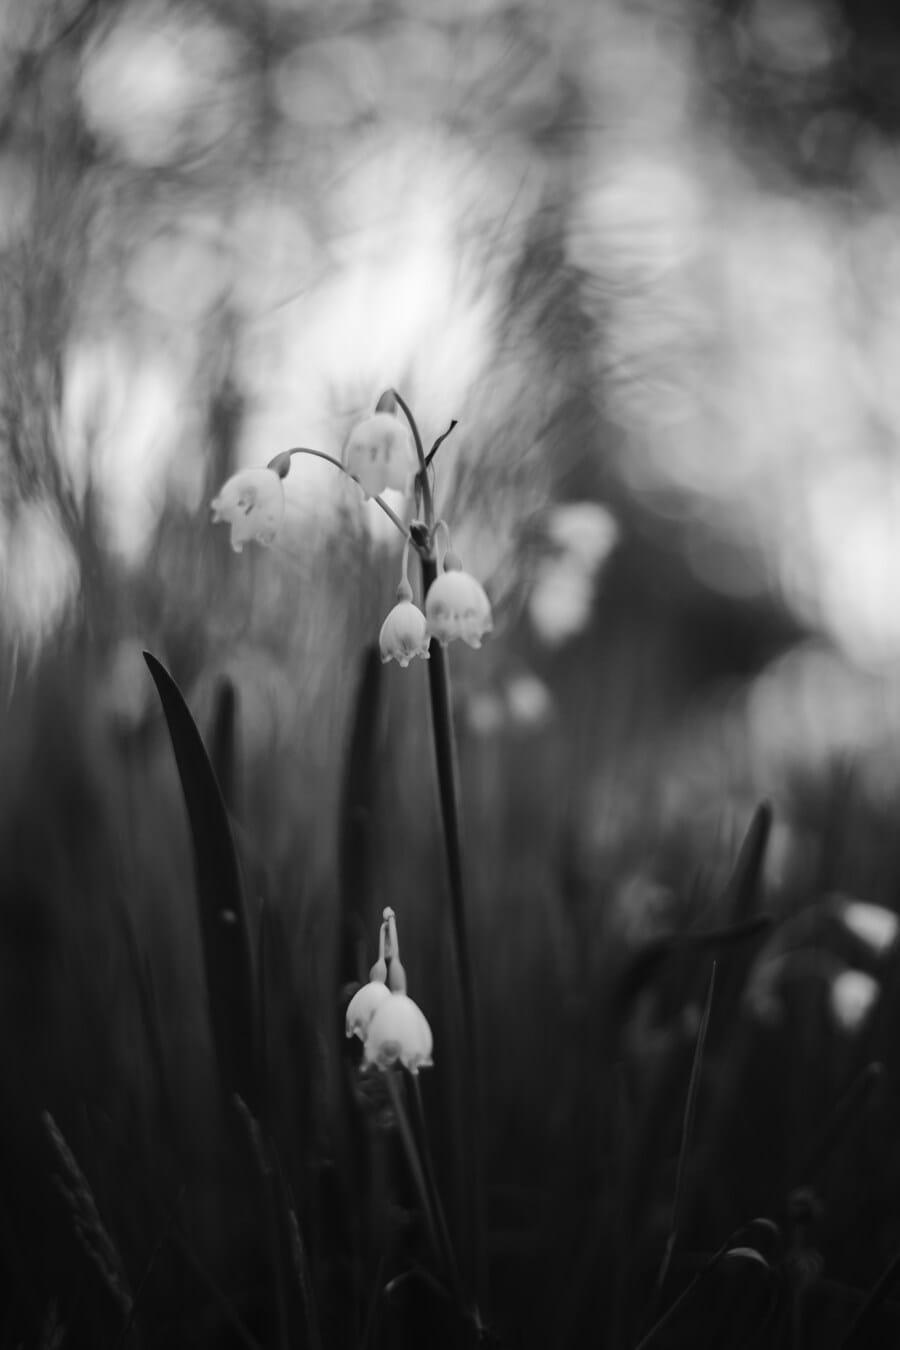 monochrome, white flower, spring time, black and white, grassy, flower, plant, nature, grass, leaf
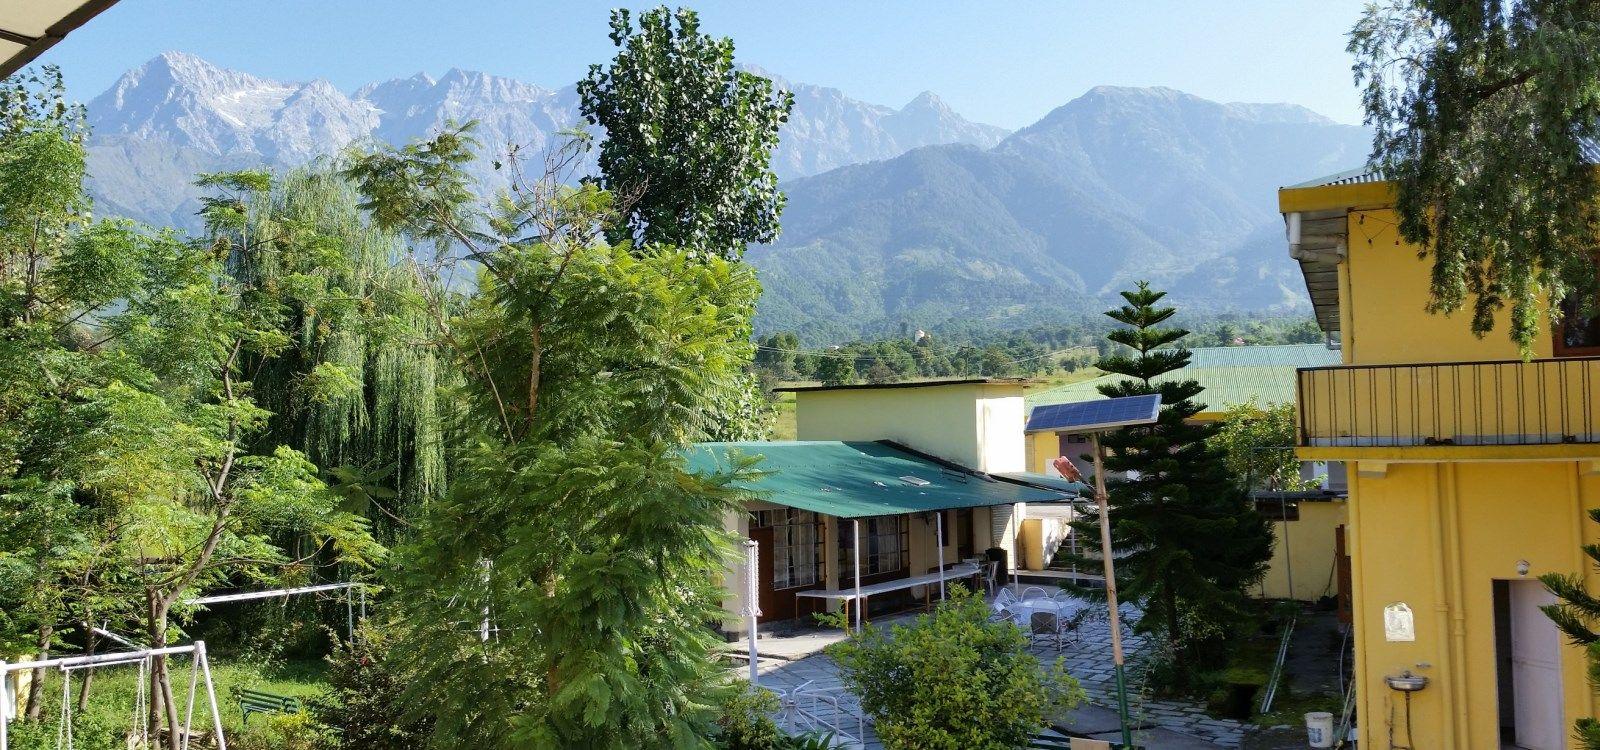 dharamsala-yoga-teacher-training-venue2
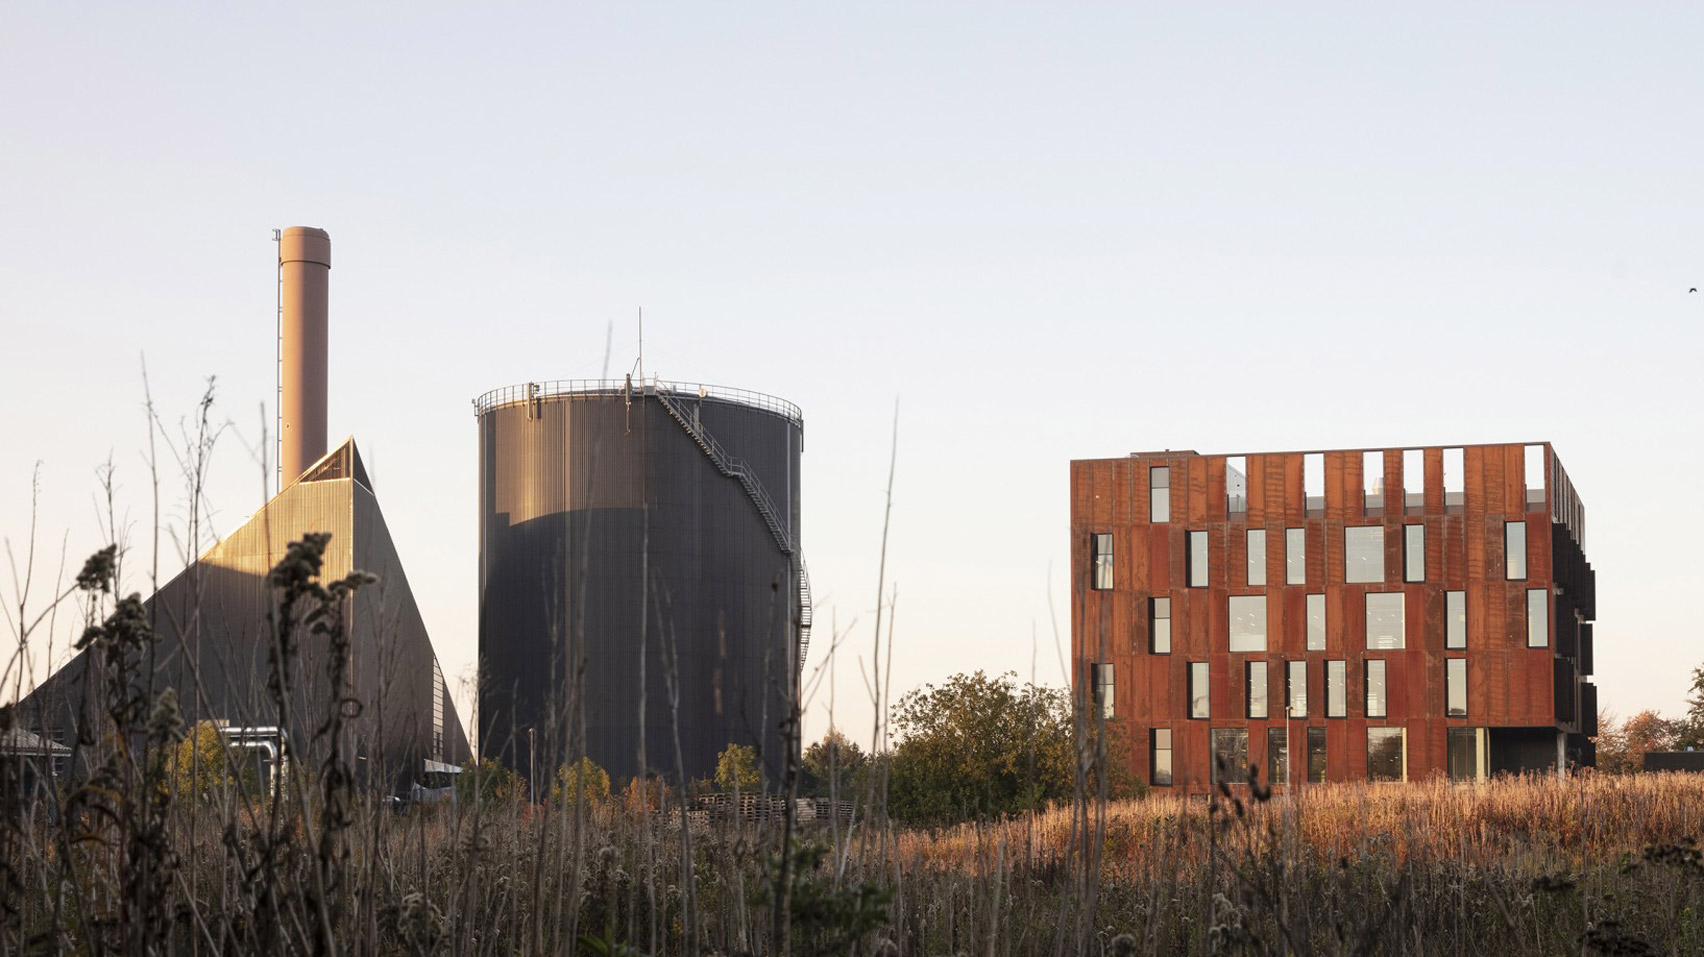 Forsyning Helsingør Operations Centre by Christensen & Co

Work item:
Only the pictures are to be left out; all other material is to be output exactly.

Written solution:
 monochrome, white flower, spring time, black and white, grassy, flower, plant, nature, grass, leaf
 dharamsala-yoga-teacher-training-venue2
 Forsyning Helsingør Operations Centre by Christensen & Co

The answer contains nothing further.